Greeners: check for updates!
brent.micro.blog@eridius Not yet. I’ve been thinking about how it should work before I write much code. Blog post in progress.
@brentsimmons any chance of support for fever, or some other interoperable api for selfhosted readers down the road? I’d love to use evergreen full time, but can’t kick my selfhosted habits.
@eli I’ll be adding more syncing systems for 2.0 (and probably 3.0) and will certainly strongly consider Fever.
@brentsimmons even better, since you seem to be in the IndieWeb mood lately, you should consider supporting the emerging Microsub standard! – indieweb.org/Microsub – We use it in Together and its great.
@cleverdevil I don’t quite understand what that is — but I only gave it a quick read. That said, my general philosophy with Evergreen is to support IndieWeb things. (Currently working on h-feed support, for instance.)
@philbowell while it’s true that fever itself is gone, there’s healthy support for the standards in self hosted systems. Tt-rss has a plug-in, and the 1.0 version of miniflux has fever support baked in.
@brentsimmons totally fair. In concept, a Microsub server acts like the server-side of a reader. It has “channels” which are like folders and in them will be feeds. It fetches feeds, parses them, and normalizes them. @aaronpk is the spec author.
@cleverdevil @brentsimmons I'd love to work with you on improving the Microsub spec based on your implementation of Evergreen! The idea with Microsub is to make it easy to develop reader interfaces without dealing with managing subscriptions or feeds.
@aaronpk Thanks!
Let me see if I understand it. I’ll try putting it into my own words:
Microsub is a spec for a syncing system.
The server crawls feeds, handles feed parsing, and keeps the true copy of the subscriptions list (folders and feeds).
A client app can add/remove folders and feeds and can download the parsed feed data.
(There are additional features, but I think those are the basics. True?)

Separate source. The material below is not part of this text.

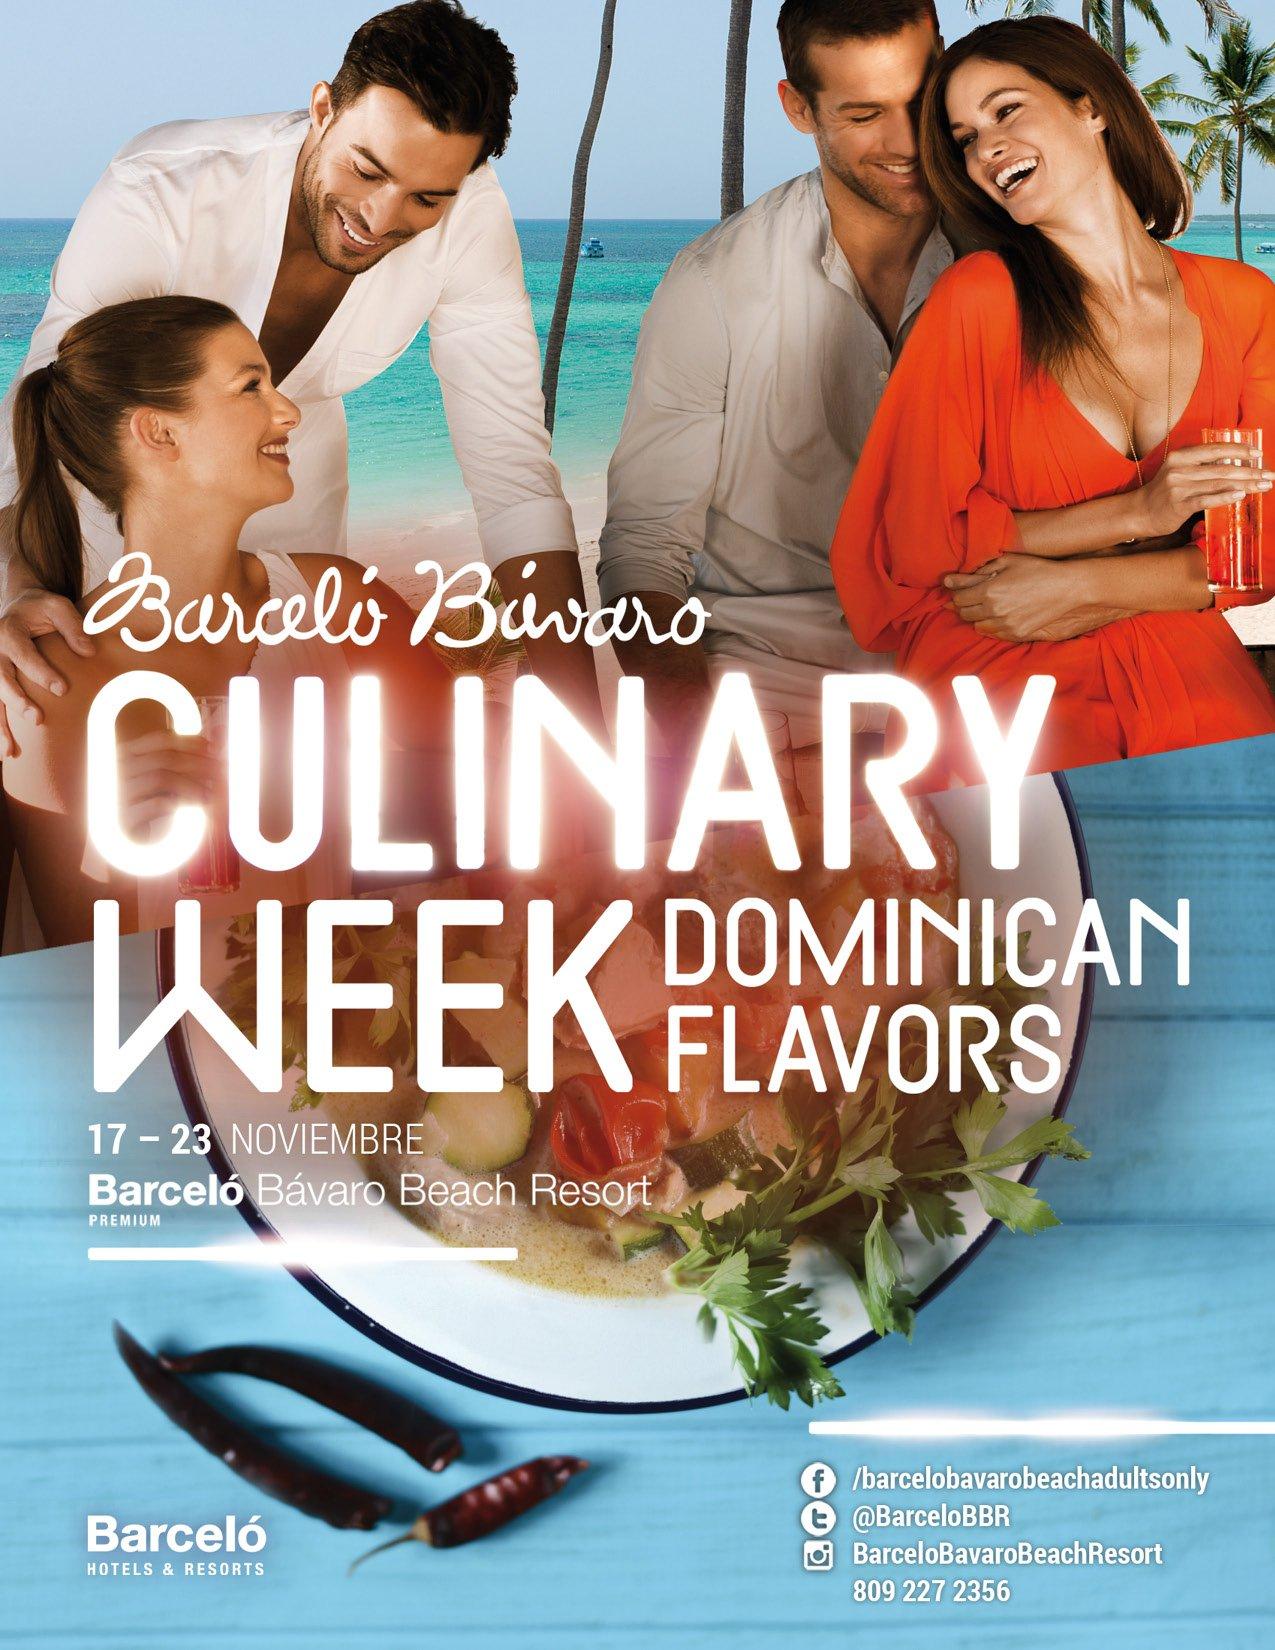 BAVARO Culinary Week

The two things I think an Evergreen user would still want are: 1) per-article read/unread status syncing, and 2) per-article starred status syncing.
@brentsimmons That sounds about right!
I've had multiple requests for read/unread, but I'm curious about the starred thing. Is that meant as a private bookmark, or more like publicly favoriting something? Or is it more like adding it to a "starred" folder?
Out of the various feed reader APIs you've used like FeedBin, Feedly, Feed Wrangler, which do you like working with the best and why?
@aaronpk A starred article is a private favorite — generally it means something you want to come back to later for some reason. It’s common to have a special pseudo-feed that shows just starred articles, so a user can find them all easily.
I haven’t worked with current syncing system APIs much yet: my experience is mainly with NewsGator and Google Reader APIs, both now defunct. I vastly preferred NewsGator’s API, because it was designed as a syncing system, where Google Reader’s API was designed for Google, and was never publicly documented or supported, and didn’t work very well for apps like Evergreen (there were lots of ambiguous cases).
@brentsimmons Awesome, thanks, makes sense. I might add a note that servers should feel free to create these sorts of pseudo-feeds themselves. I'll see if I can dig up the NewsGator API docs. It's helpful to know that you're thinking about this from a "syncing" perspective rather than more of a REST API perspective.
@aaronpk The worst thing about NewsGator’s API, though, was that it was not just XML but SOAP. Ugh.
Syncing is often built on top of a REST API — but, still, I understand the distinction. Syncing also implies that I could do a thing in the client, not be able to reach the server, and queue that action and notify the server once it’s reachable again.
Syncing also implies a focus on efficiency, and this doesn’t always fit that well with a strict REST API, and may involve the need for things like sync tokens.